Firstly, I find over the last 10-15 years system architects and programmers often don’t consider the performance needs of their system enough when designing it. The process most people follow is typically:
- Code the system up (or at least a prototype)
- Run a small performance benchmark
- Size the hardware to get the desired performance
To be honest this drives me crazy as it often yields a very non-performent system and if the performance is not achieved with hardware at step 3 then its too late in most cases to do anything about it without going back and severely refactoring the code or worse yet rewriting it all together.
Years ago this was not the case because the hardware was too slow to assume you could easily find a big enough box to ensure you achieved your performance goals. As a result programmers pre about 1993 thought very carefully about how they designed and implemented their code with performance front of mind before even a single function got coded. But once the bigger SMP UNIX boxes started coming out, programmers got sloppy to the point where today most of the younger programmers (those who started commercial programming post say 1997
) I come across, have not been taught how to evaluate the effects of their technology or programming decisions, when it comes to impacting performance.
In the old days programmers were taught that when implementing any function or procedure to consider the Order “O” of their algorithm. We worried about whether it was Order N, N Log N, N^2 or God forbid N^3 or worse. If we could replace an O(N^2) algorithm with one that was O(N Log N) we did. The same mind set should be employed today as well when writing code, but more importantly it should be employed at a higher level when deciding the language, interface types, message formats, I/O pattern, network topology and database design.
Let me explain:
Consider our Layered SOA from the last post (shown again here for reference):
This is in principle a logical architecture which we can choose to realize in a number of ways and with a range of languages, interface protocols, hardware choices, network topologies, etc.

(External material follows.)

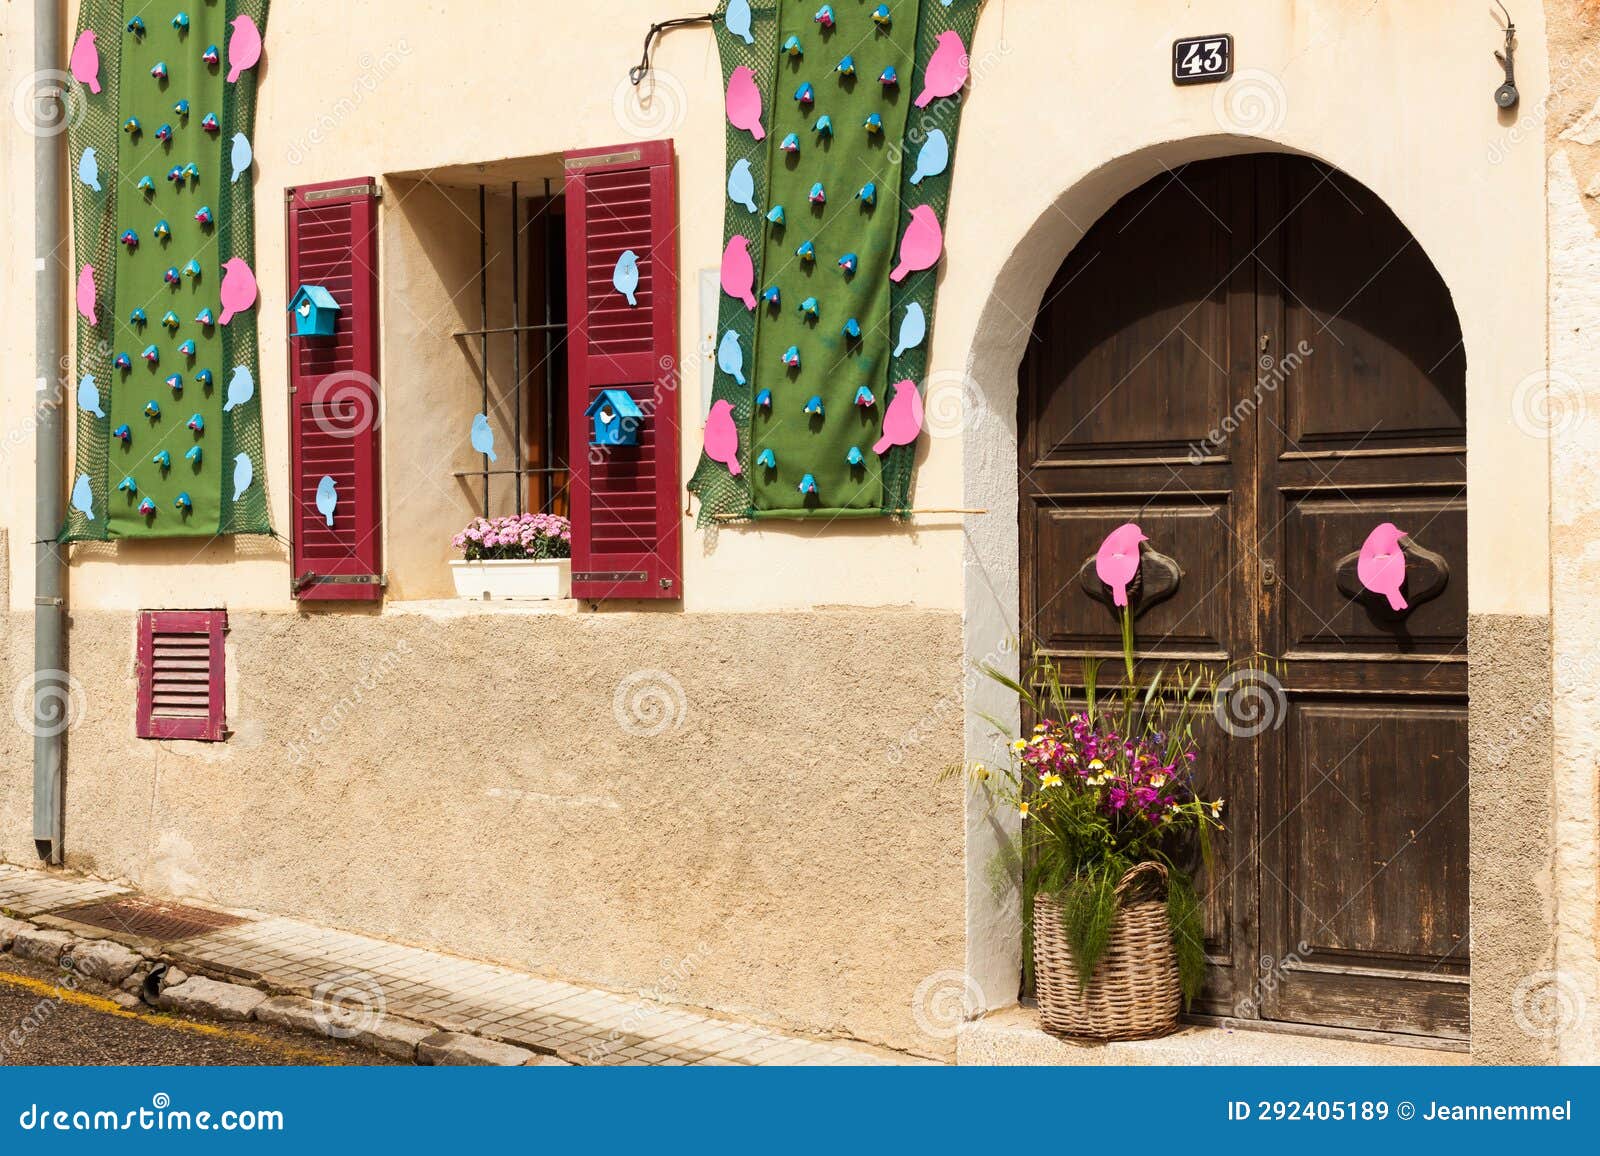 house, decorated with pink and blue birds on

So the first thing you need to consider at a high level is whether you are designing the system for throughput, latency/response time or both. This is important, because depending on what the system needs to achieve, you should be making potentially dramatically different technology choices. For example, if I am building an ultra high performance stock exchange system that does 5 million transactions per second and has a response time target end to end of 100 microseconds, then certain technologies are out right off the bat They include but are not limited to:
- I can’t use Java or c# as the languages themselves and the implementations of the base language libraries do not lend themselves to low latency. I could use them to achieve the high throughput but I will not get to 100 microseconds as a rule (there are some ways to get close by using Java like C, pre-compiling, ensuring no garbage collection is used, etc but its a pain)
- I can’t build it on windows at all, because of the overhead and the slow network stack
- I can’t use persistent queue based messaging
- No traditional database transactions in the critical path (in fact no on disk I/O at all)
- No XML anywhere
- And definitely no REST or SOAP Web Service Interfaces
The key is that while all of these technologies can be used in a high throughput system, they are inherently not fast from a latency or response time perspective, so if you choose to use them for a system that needs ultra fast response times, you are dead from the word go because no amount of hardware will fix it.
It is important to keep in mind the time it takes for basic operations as well so that you can roughly gauge in advance what your system will be capable of. Here is a list of rough performance measures for common operations. Your mileage will vary based on specifics such as hardware, compiler, database, etc but the order of magnitude “O” will be about right regardless. These are approximations based on say a 2.8 GHz Xeon. Newer Nehalems, etc will do better. Also these are for a single thread on a single core. Most won’t benefit from multithreading. Also keep in mind that to an extent the lower the latency or response time of the system the higher throughput it can handle per core as CPU’s free up faster, so getting this right is important for all systems. So here they are:
- Network hop from desktop to remote web server 50-500 milliseconds
- Persistent Message (small) per hop 15-30 milliseconds
- Non-Persistent Queue based messaging (small) per hop 2-5 milliseconds
- Database Insert (Complex) 15-30 milliseconds
- Database Insert (Simple) 3-10 milliseconds
- Database Select (Complex) 10+ milliseconds
- Database Select (Simple) 500 microseconds-3 milliseconds
- Binary Write to Traditional Disk 2-5 milliseconds
- Binary write to SSD 25 microseconds
- Screen Refresh 10-15 milliseconds
- Web Service Call inside a Web Server (Small Payload Java or C#) 1-5 milliseconds
- Web Service Call using GSOAP or Systinet (C no server) 200-400 microseconds
- Binary RPC Call (small payload Java or C#) 50-100 microseconds (local machine plus network roundtrip if remote)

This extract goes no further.